# Favorite recording of Tchaikovsky piano concerto 1?



## Mageta (Nov 6, 2014)

I'm looking to add a good recording of this to my collection, any recommendations?


----------



## SimonNZ (Jul 12, 2012)

Argerich / Dutoit for me:


----------



## Mageta (Nov 6, 2014)

She's the first performer I heard play it, and her style seems to flow the best.


----------



## joen_cph (Jan 17, 2010)

Concerto No.1:
1. Horowitz/Szell 4.5.1952 (there are many Horowitz recordings, but this is my preference & BTW also has better sound than the well-known Horowitz/Toscanini 1943)

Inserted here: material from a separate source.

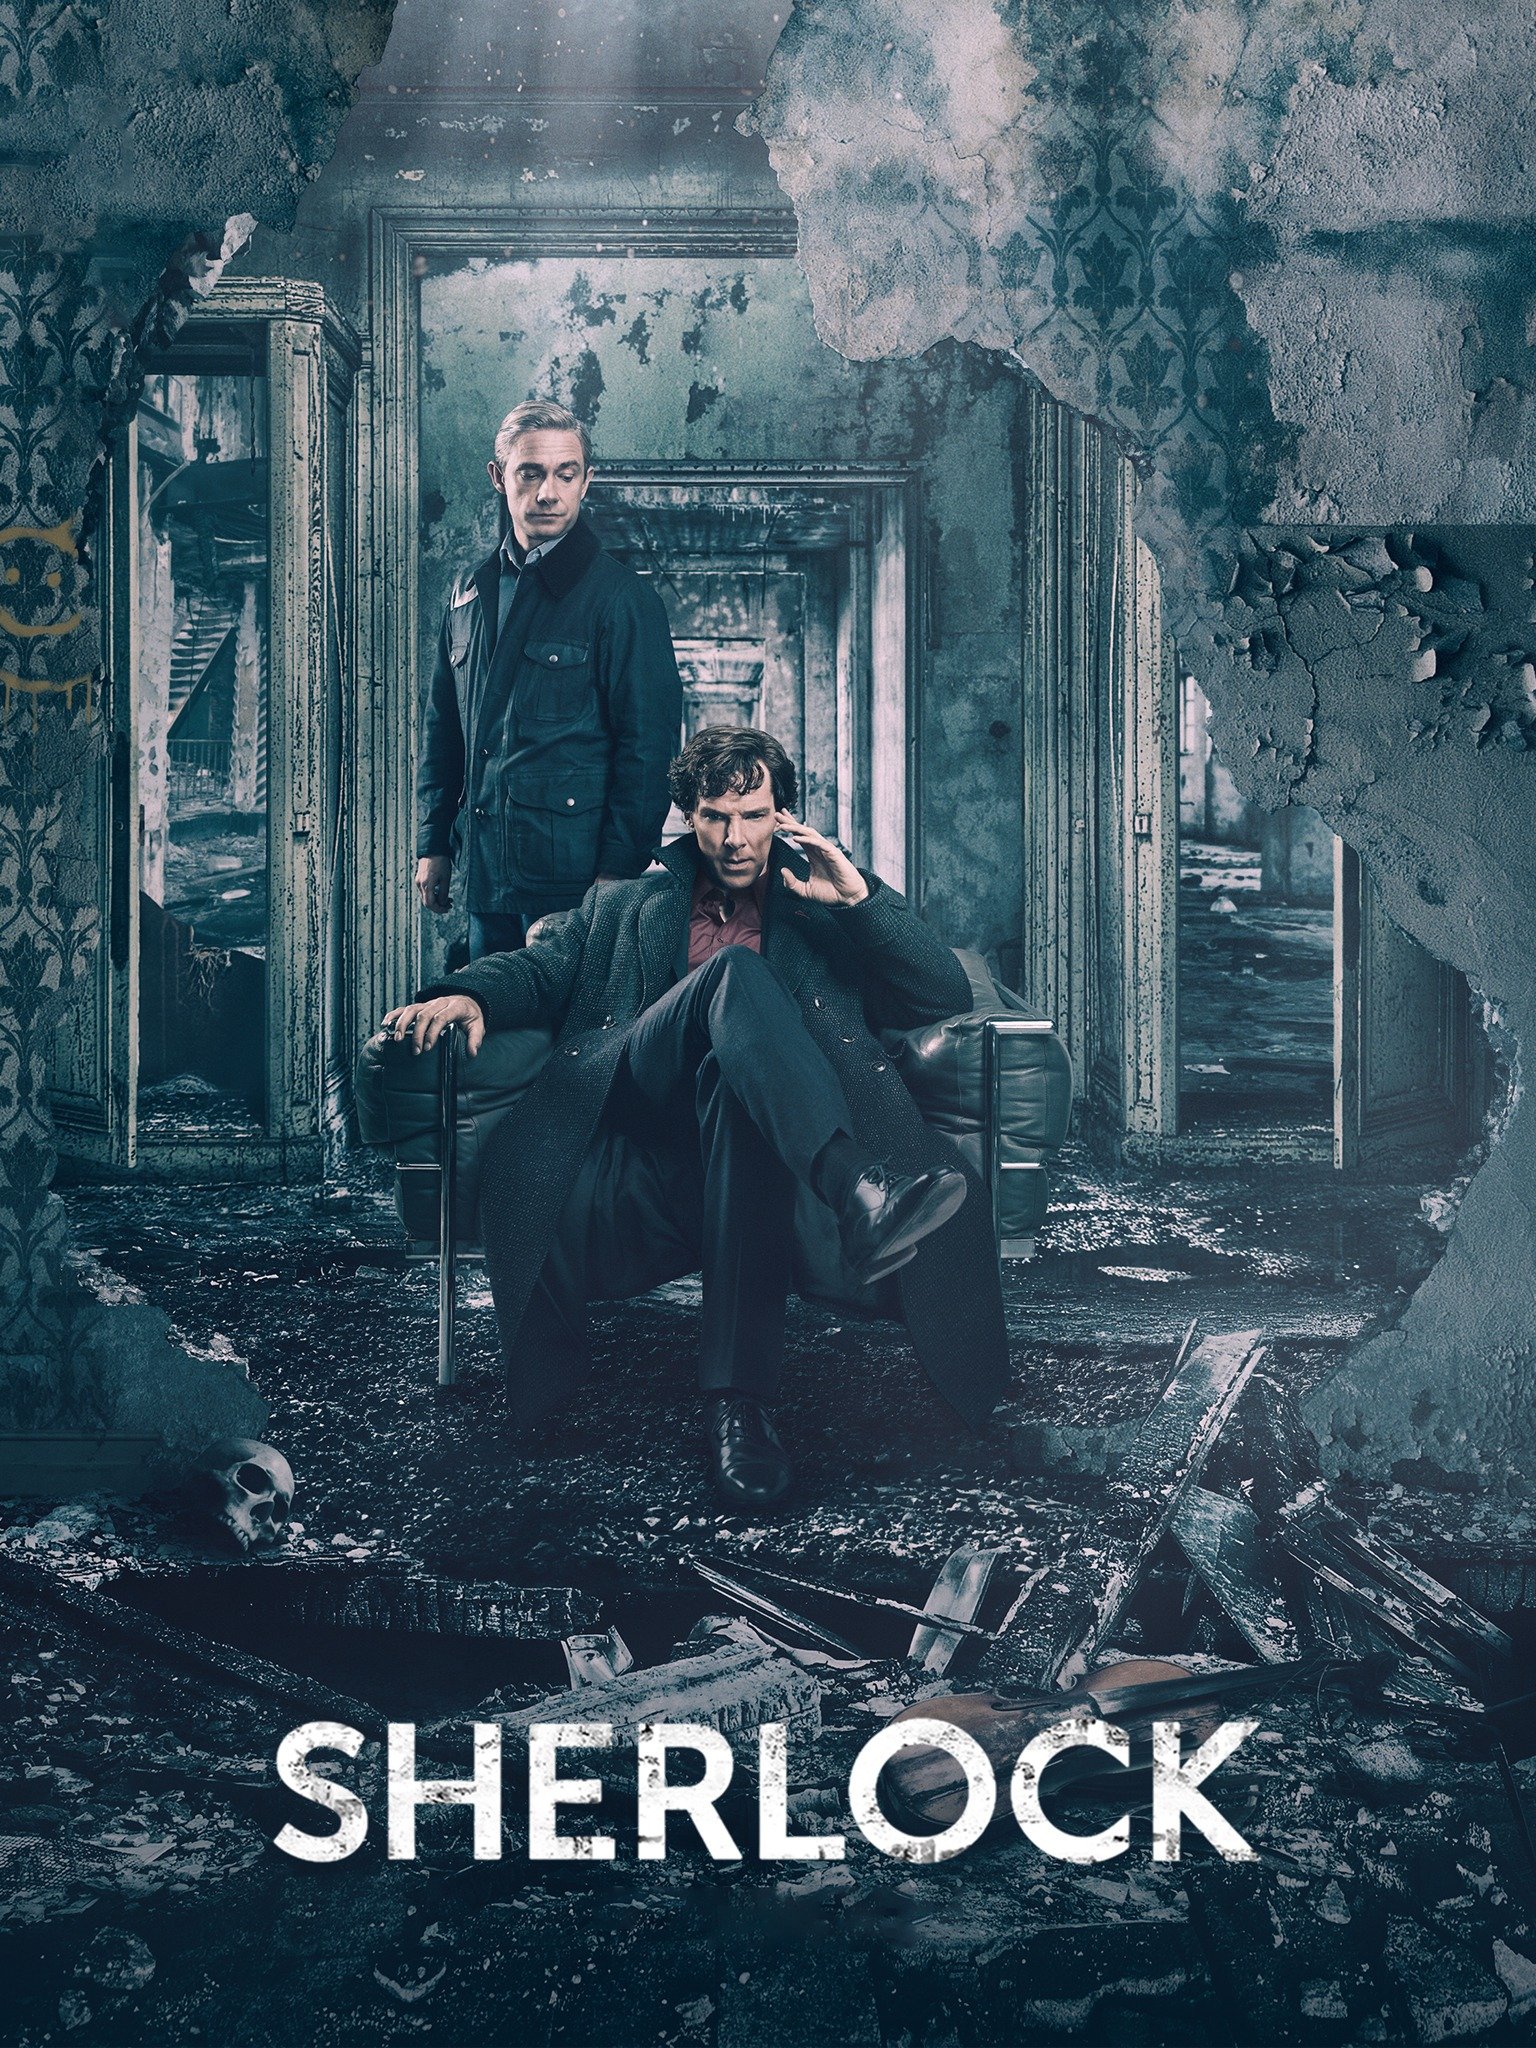 "Sherlock"

2. Argerich/Kondrashin. Sometimes it is coupled with Argerich/Chailly in Rachmaninov´s Concerto 3 on CDs; both are essential, IMO.

Concerto No.2:
Farnadi/Scherchen. Unlike anything else!

Concerto No.3:
doesn´t really matter much, it´s an unimportant concerto, though with a somewhat interesting, percussive 1st movement, but Ponti for instance is lively and engaged.

Concerto Fantasia:
Maybe Douglas/Slatkin. I´ve got 4 and would have to check, though.


----------